** Exercise goal **
Could you give the data that follows again exactly, without its pictures?

** Dataset section **
Content starts
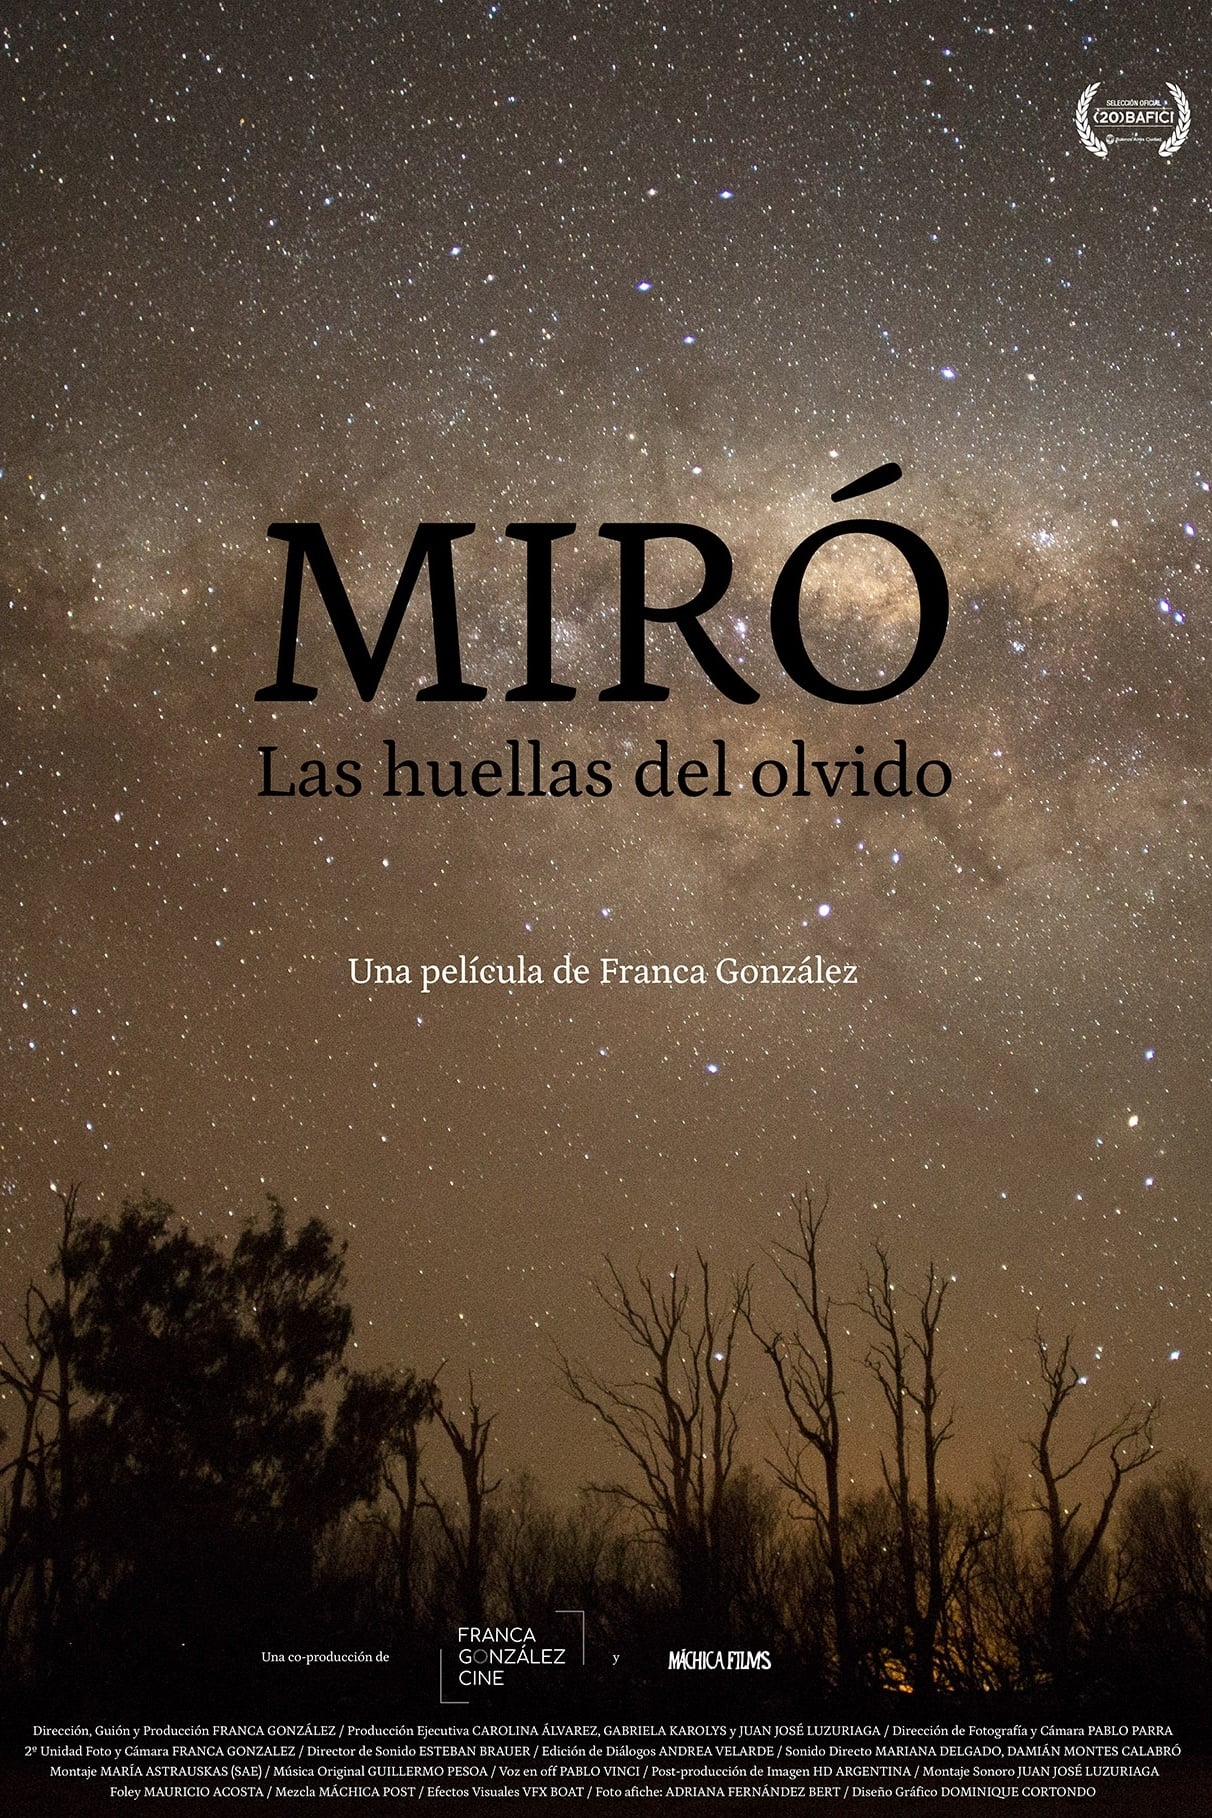 Miró. Traces of Oblivion
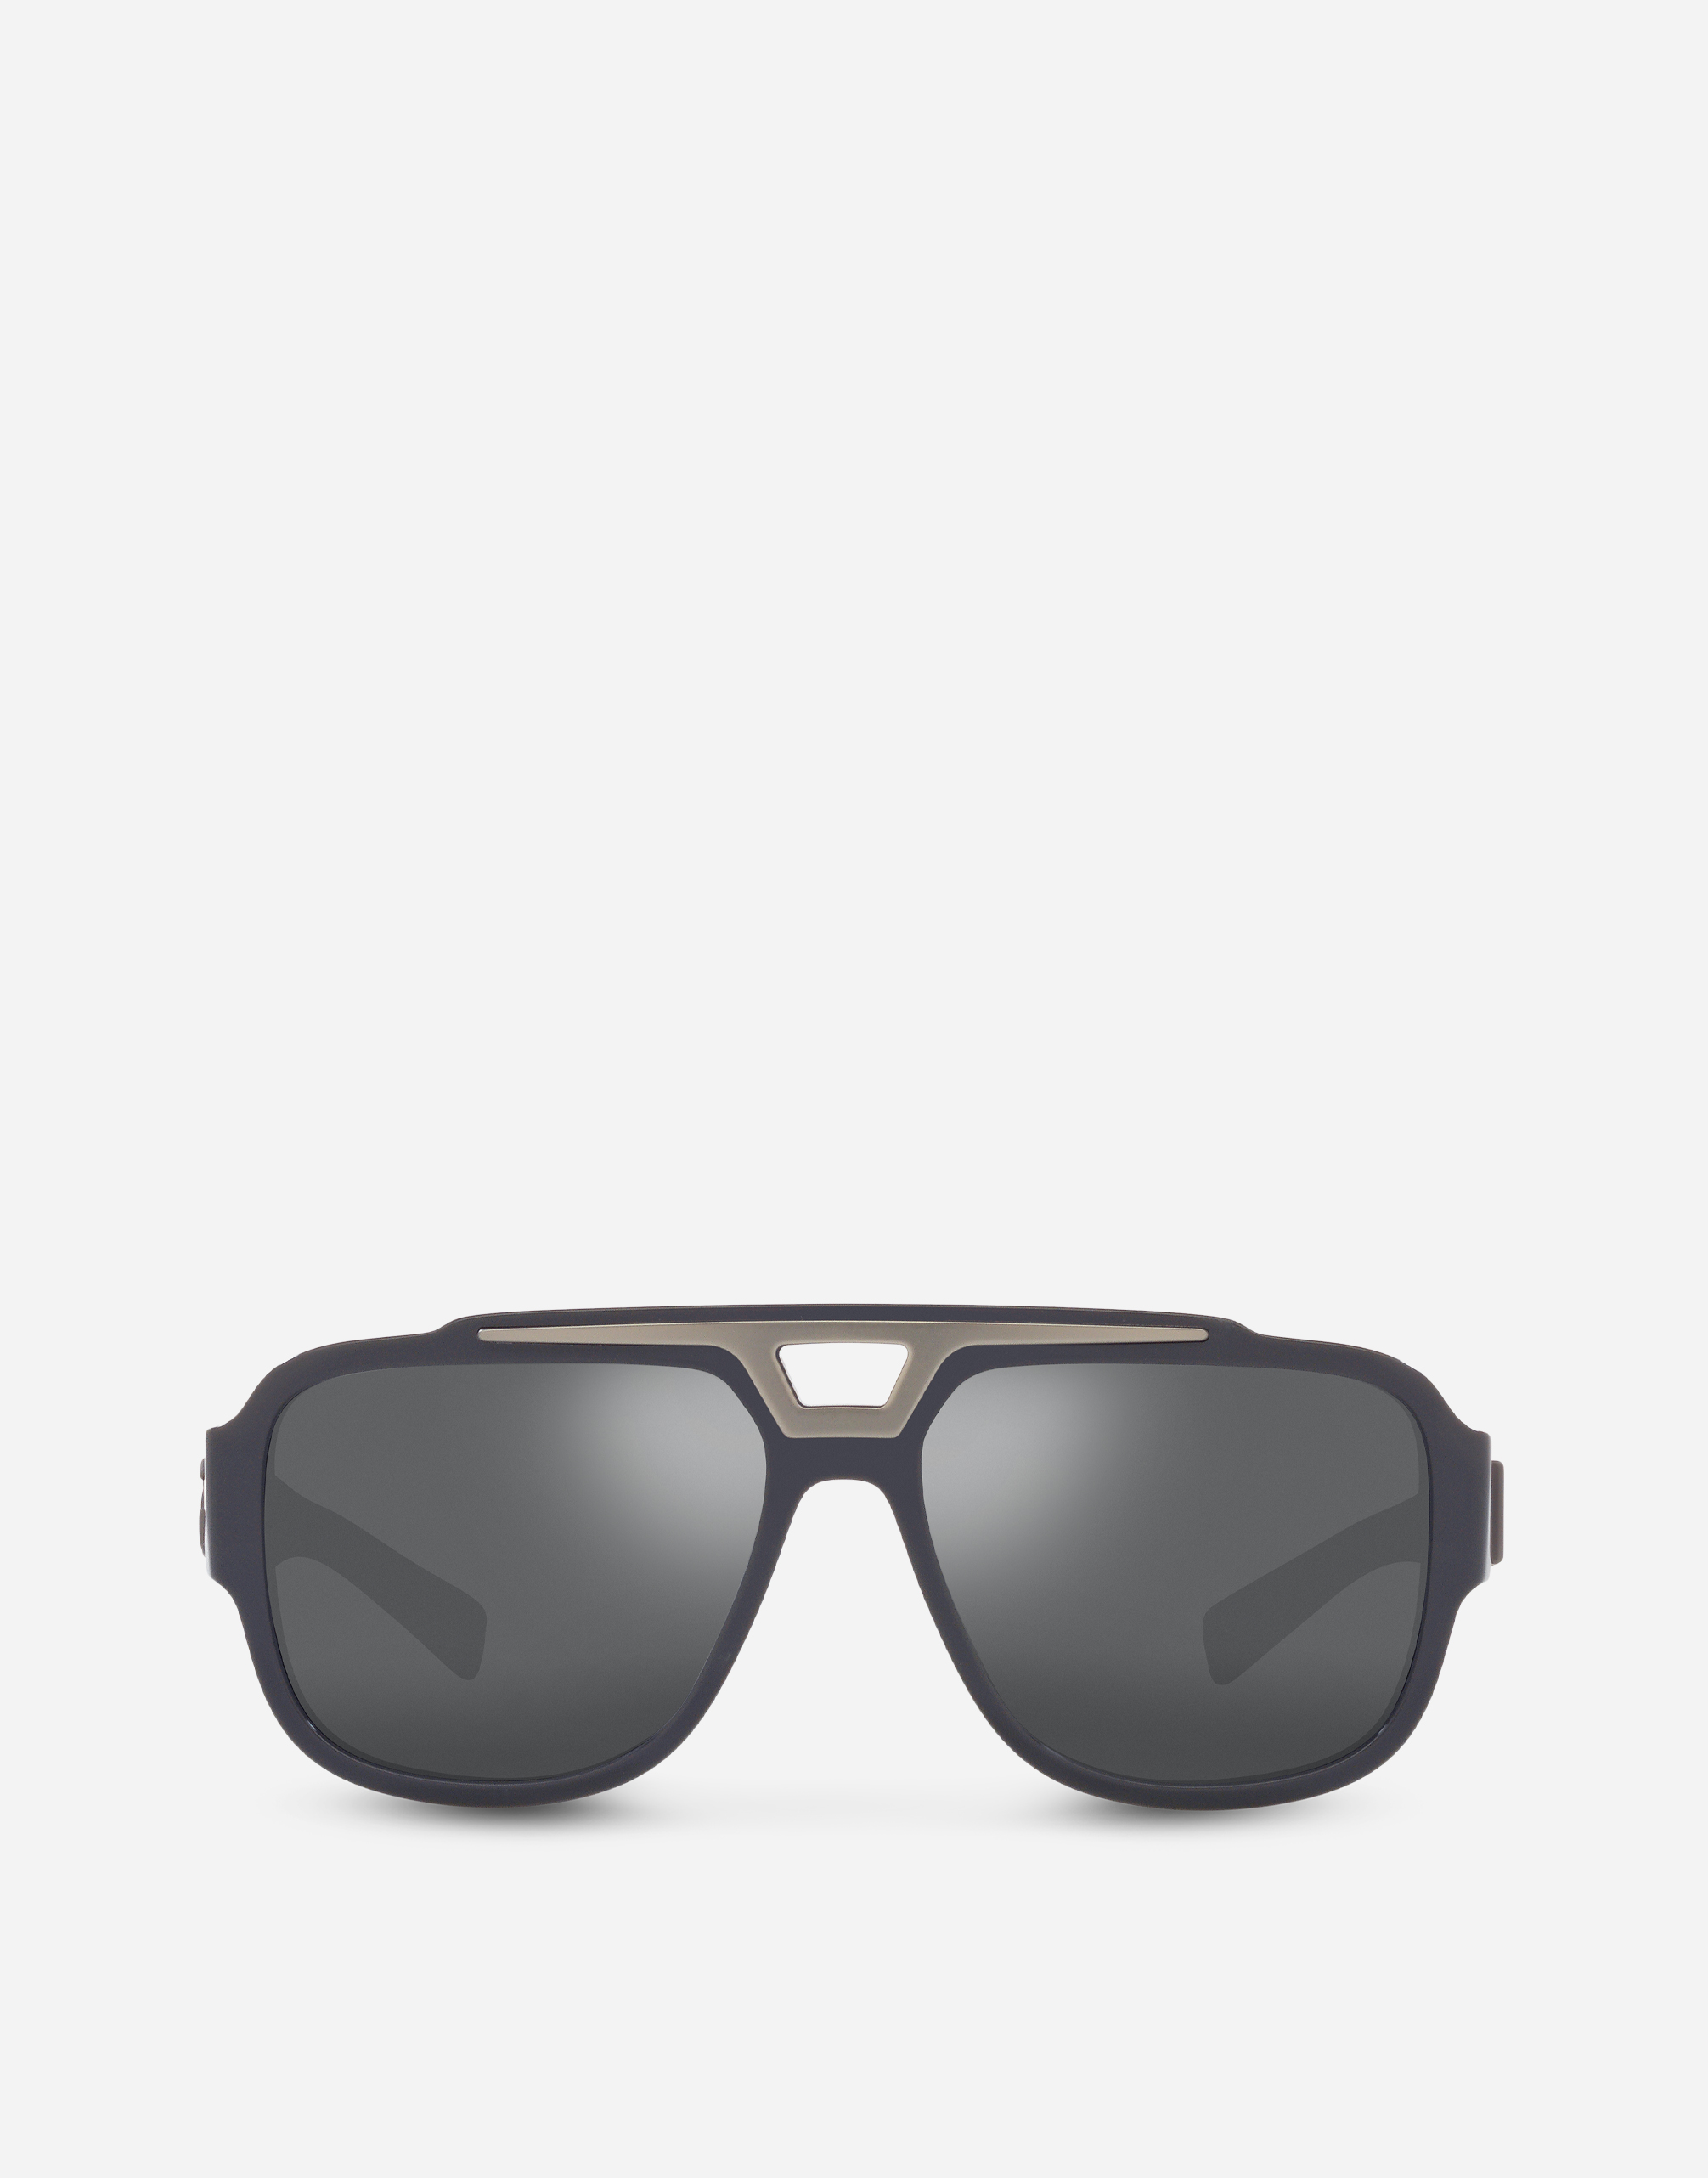 DG crossed sunglasses  in Grey
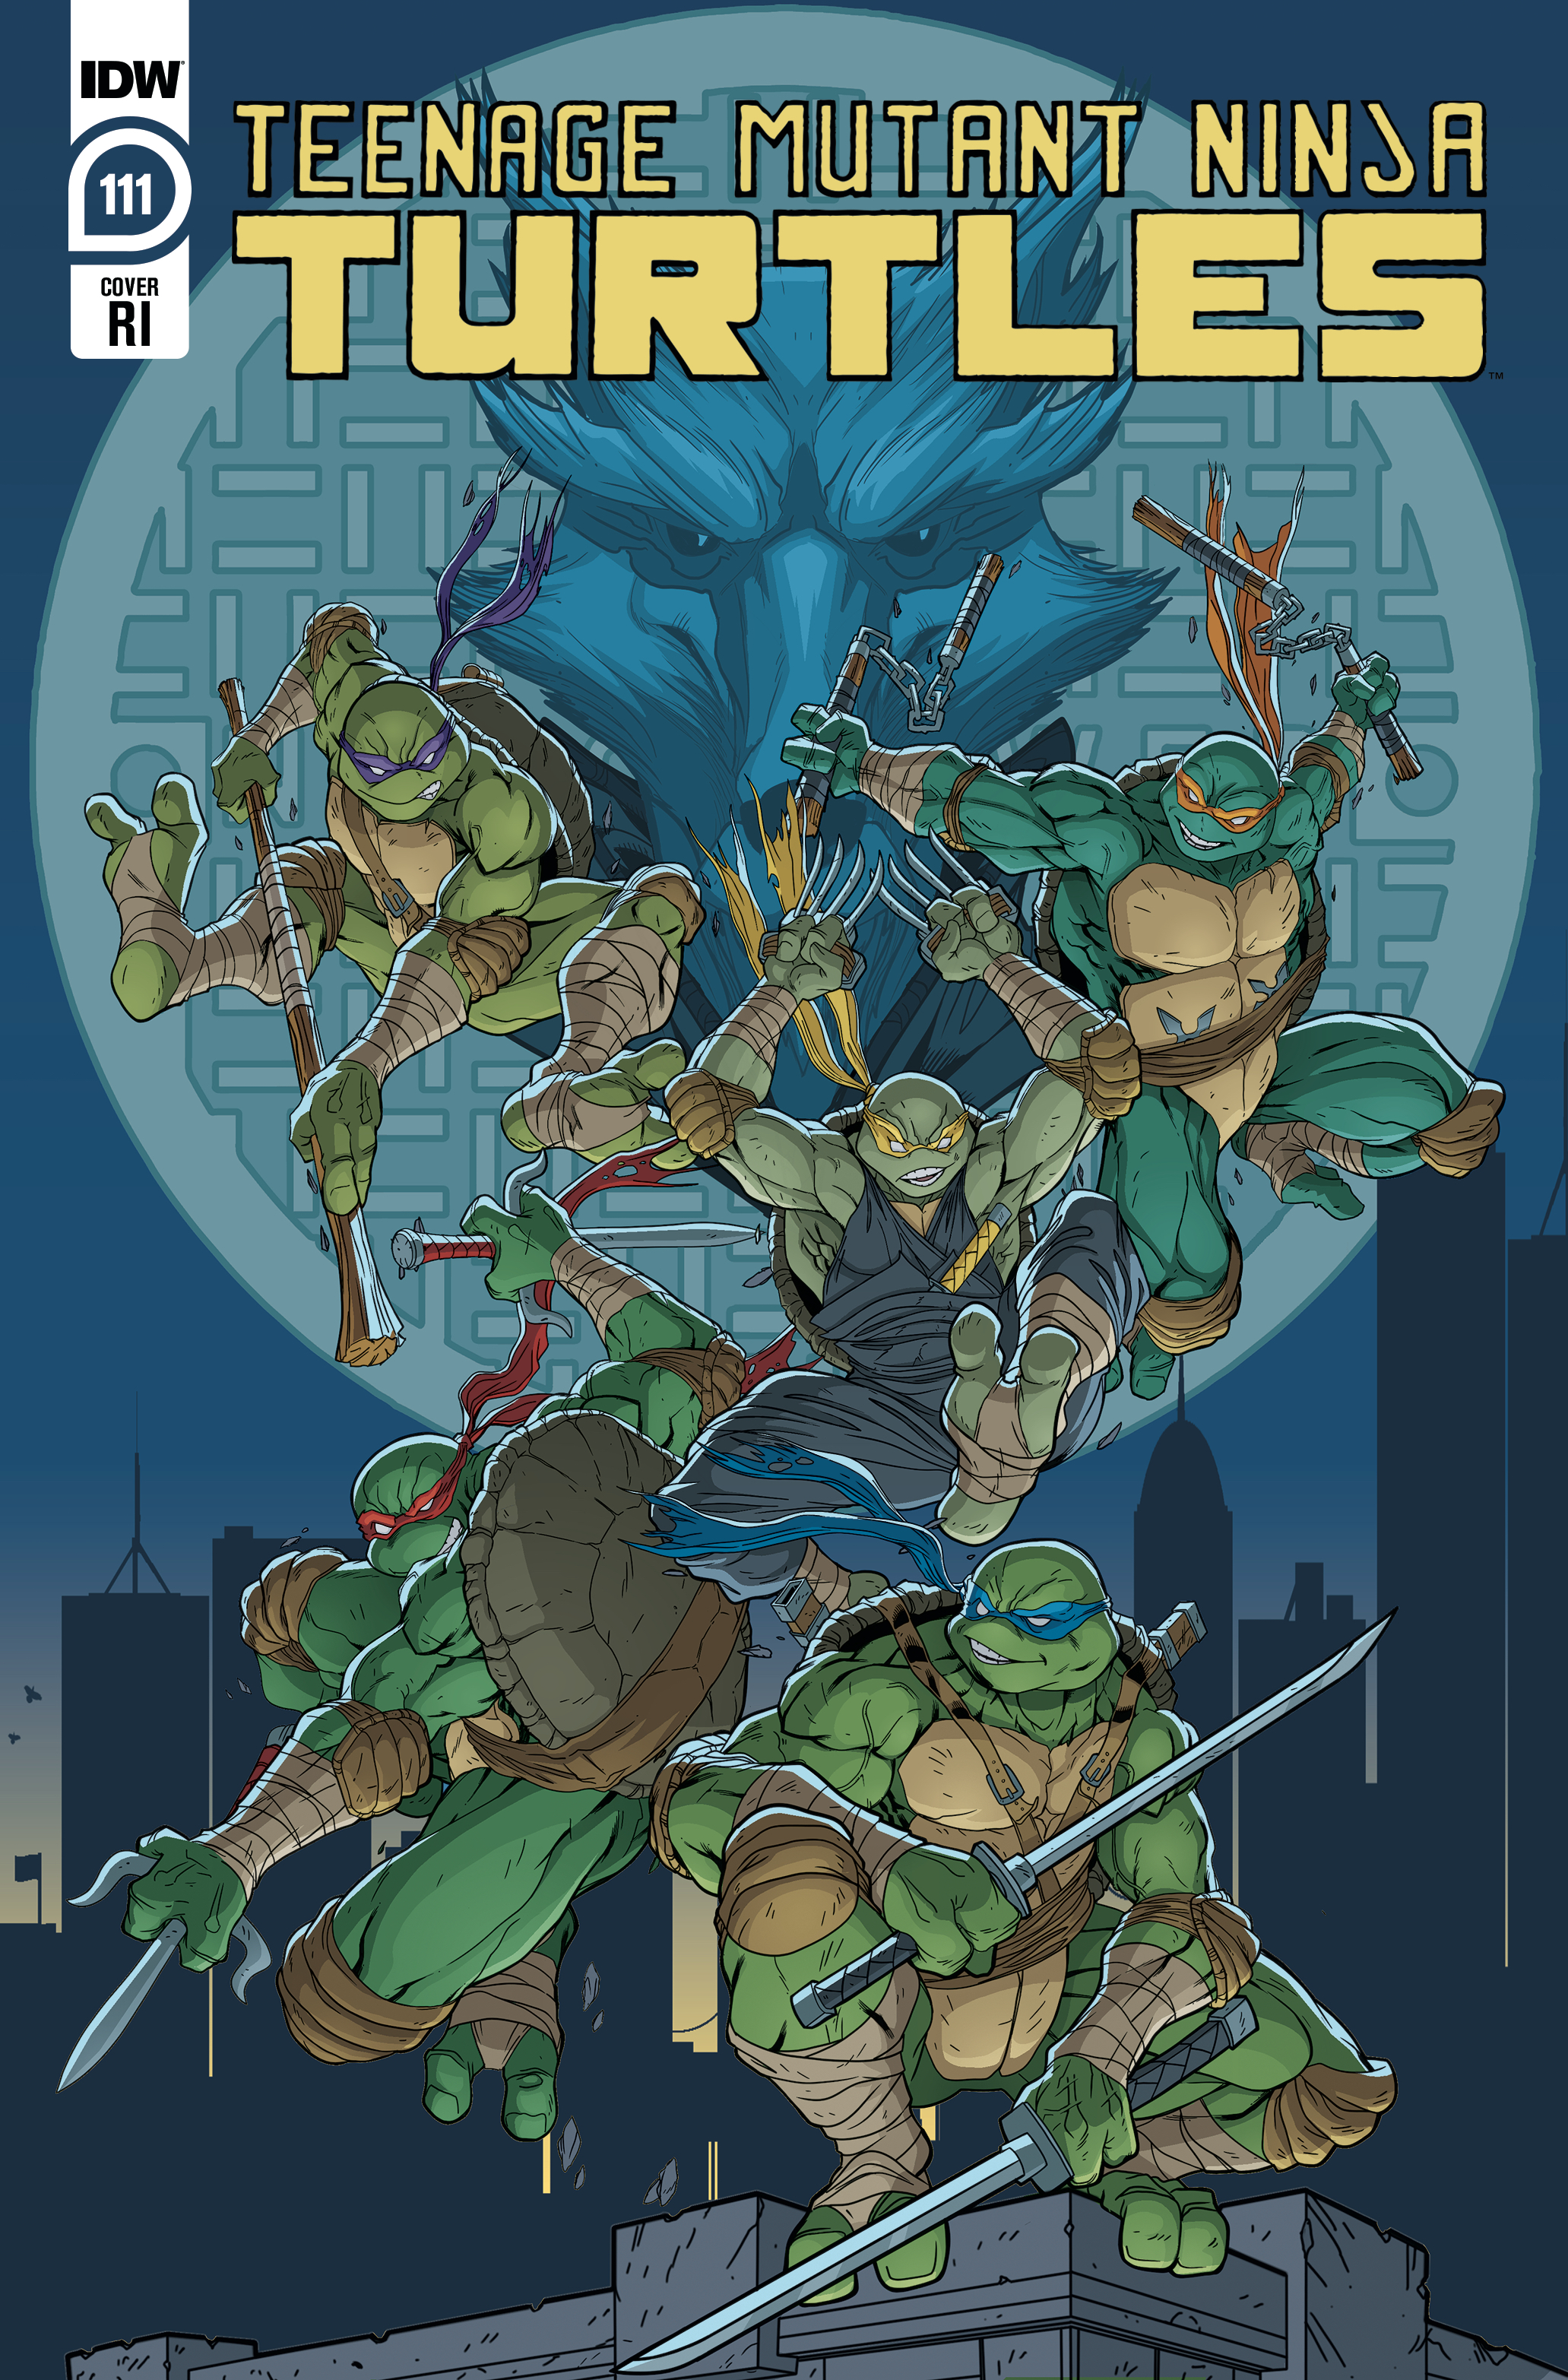 Teenage Mutant Ninja Turtles Ongoing #111 1 for 10 Incentive Lubera (2011)
Content ends
** Written response **
 Miró. Traces of Oblivion
 DG crossed sunglasses  in Grey
 Teenage Mutant Ninja Turtles Ongoing #111 1 for 10 Incentive Lubera (2011)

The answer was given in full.